Each of the previous thematic parts has contained chapters that refer to the important roles that specific creative works, ranging from portraits of Chairman Mao to films such as He Shang (River Elegy), have played in recent Chinese political struggles. The two chapters in Part 3, the first contributions to this volume by scholars who specialize in the study of the arts, expand and enlarge upon this topic in important ways. Art historian Tsao Tsing-yuan's essay is an eyewitness account of the creation and display of one of the most famous symbols of the protests of 1989-the Goddess of Democracy statue-to which earlier chapters (such as Feigon's) have already referred. The second piece, by literary specialist Jones, focuses on the ways in which contemporary Chinese rock music can function as either a transmitter of dissent (a function that Calhoun has already highlighted in Chapter 4) or as a genre through which much more ambiguous political messages are voiced. When taken together, the two chapters in Part 3 draw attention not only to the politicized nature of artistic creation but also to the fascinating and often chaotic eclecticism of form and content that characterizes the Chinese art scene. The statue that Tsao describes, after all, was visually reminiscent of socialist realist icons, traditional representations of Chinese deities, and Western goddess figures such as the Statue of Liberty, and its display was an act of patriotic performance art that included the playing of a work by Beethoven. That a similar eclecticism can be found within the realm of popular music is illustrated by the references Jones makes to groups whose members alternate between strumming electric guitars and playing instruments associated with ancient China, and who combine an interest in contemporary styles with a penchant for historical allusions and group names (such as "Tang Dynasty") that are clearly meant to evoke memories of the distant past. The supplementary materials listed below range from case studies of other artistic genres, to works on the connections between art and politics under other state socialist regimes, to general collections of essays on Chinese popular culture.
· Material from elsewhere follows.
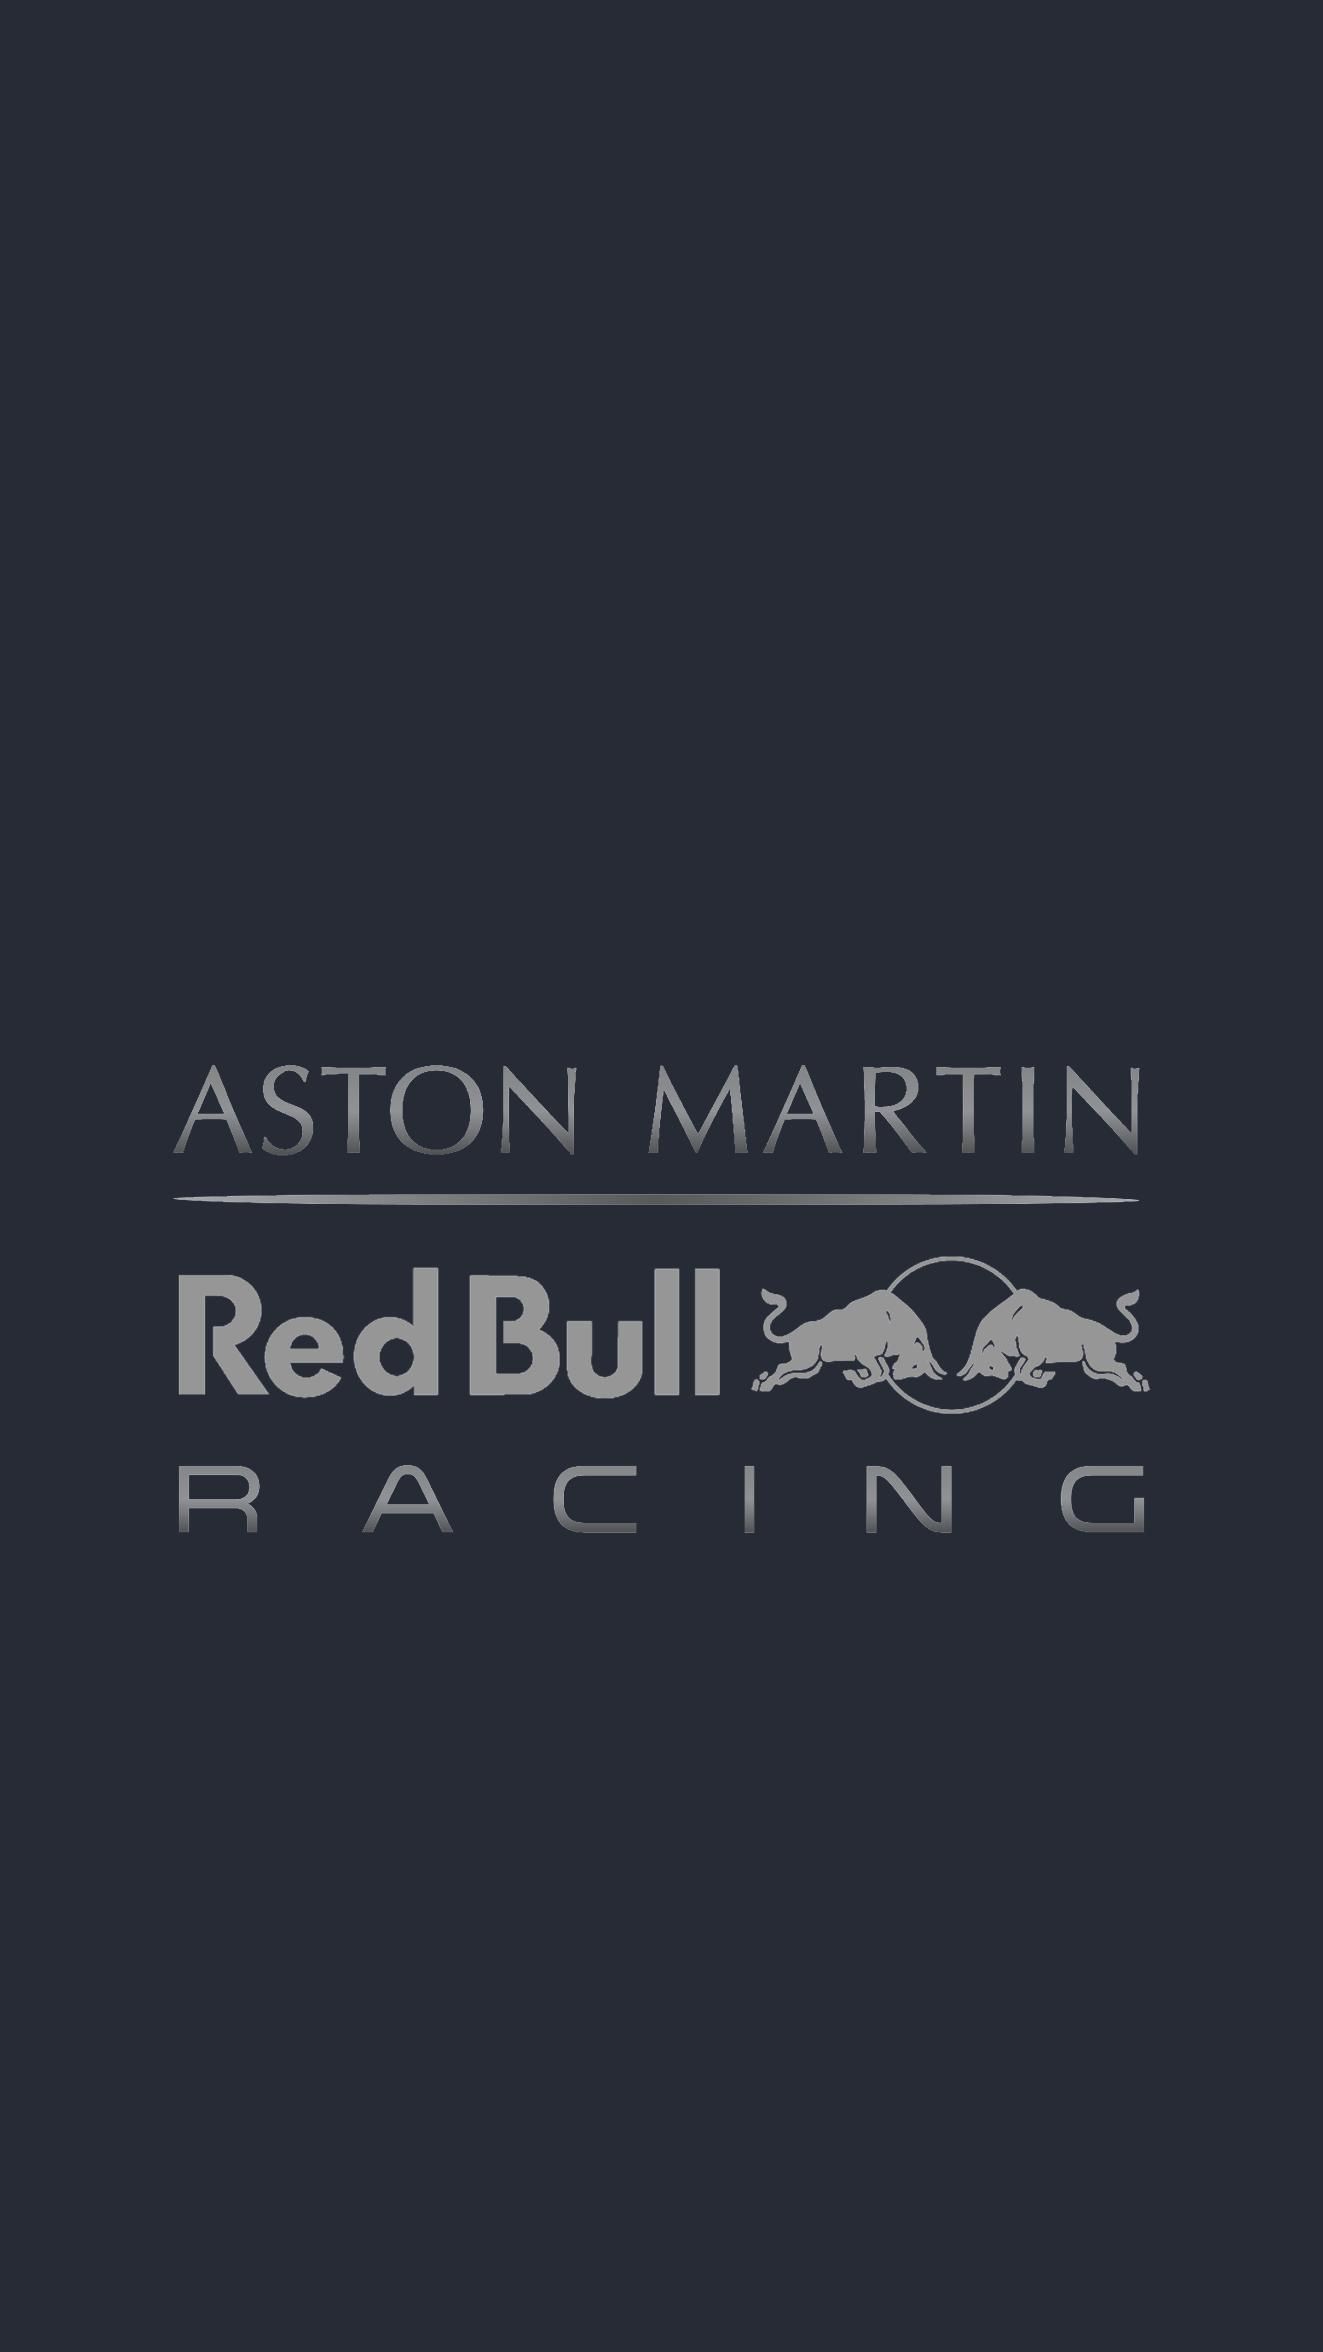 Aston martin red bull racing wallpaper logo middle low red bull racing red bull red bull f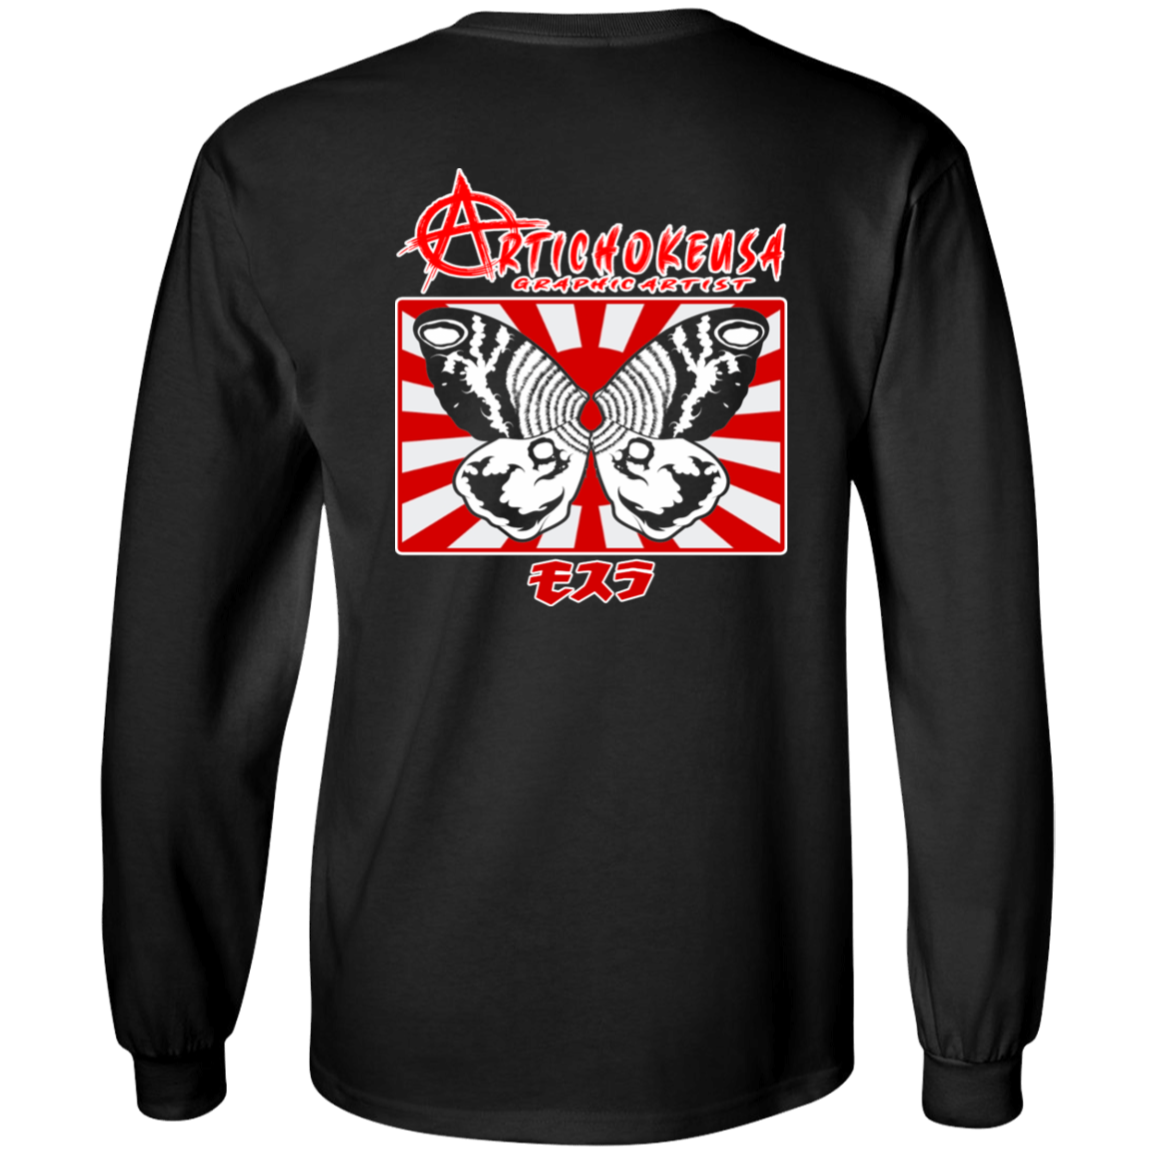 ArtichokeUSA Character and Font design. Shobijin (Twins)/Mothra Fan Art . Let's Create Your Own Design Today. Long Sleeve 100% Cotton T-Shirt

Recommended Supplementary Materials for Classroom Use

Scholarship on China: Contemporary Politics

Barmé, Geremie. "Wang Shuo and Liumang ('Hooligan') Culture." Australian Journal of Chinese Affairs, vol. 28 (July 1992), pp. 23-64. An essay on the satirical dimensions of an iconoclastic contemporary writer, whose works of fiction are widely read in their original form and also have served as the basis for several popular films.

Davis, Deborah, et al., eds. Urban Spaces in Contemporary China . Cambridge: Cambridge University Press, forthcoming. A conference volume on city life, which includes several chapters on Part 3's theme of the role of art in politics and culture; these include essays that deal with the economic side of artistic creation, the avant-garde scene, contemporary poetry, and the usefulness of the concept of a "velvet prison" developed by Miklos Haraszti (whose work is hereinafter cited under "Comparative Works") for understanding the relationship between Chinese artists and the state.

Lee, Benjamin, and Leo Ou-fan Lee. "The Goddess of Democracy Deconstructed." New Perspectives Quarterly, vol. 6, no. 3 (1989), pp. 58-61. An essay that uses the famous statue as the starting point for a brief but wide-ranging discussion of the symbolism of the events of 1989.

Wu Hung. "Tiananmen Square: A History of Monuments." Representations, no. 25 (Summer 1991), pp. 84-117. A study of the architectural history and statuary of this famous square, which includes a discussion of the Goddess of Democracy that complements and builds upon Tsao's eyewitness account.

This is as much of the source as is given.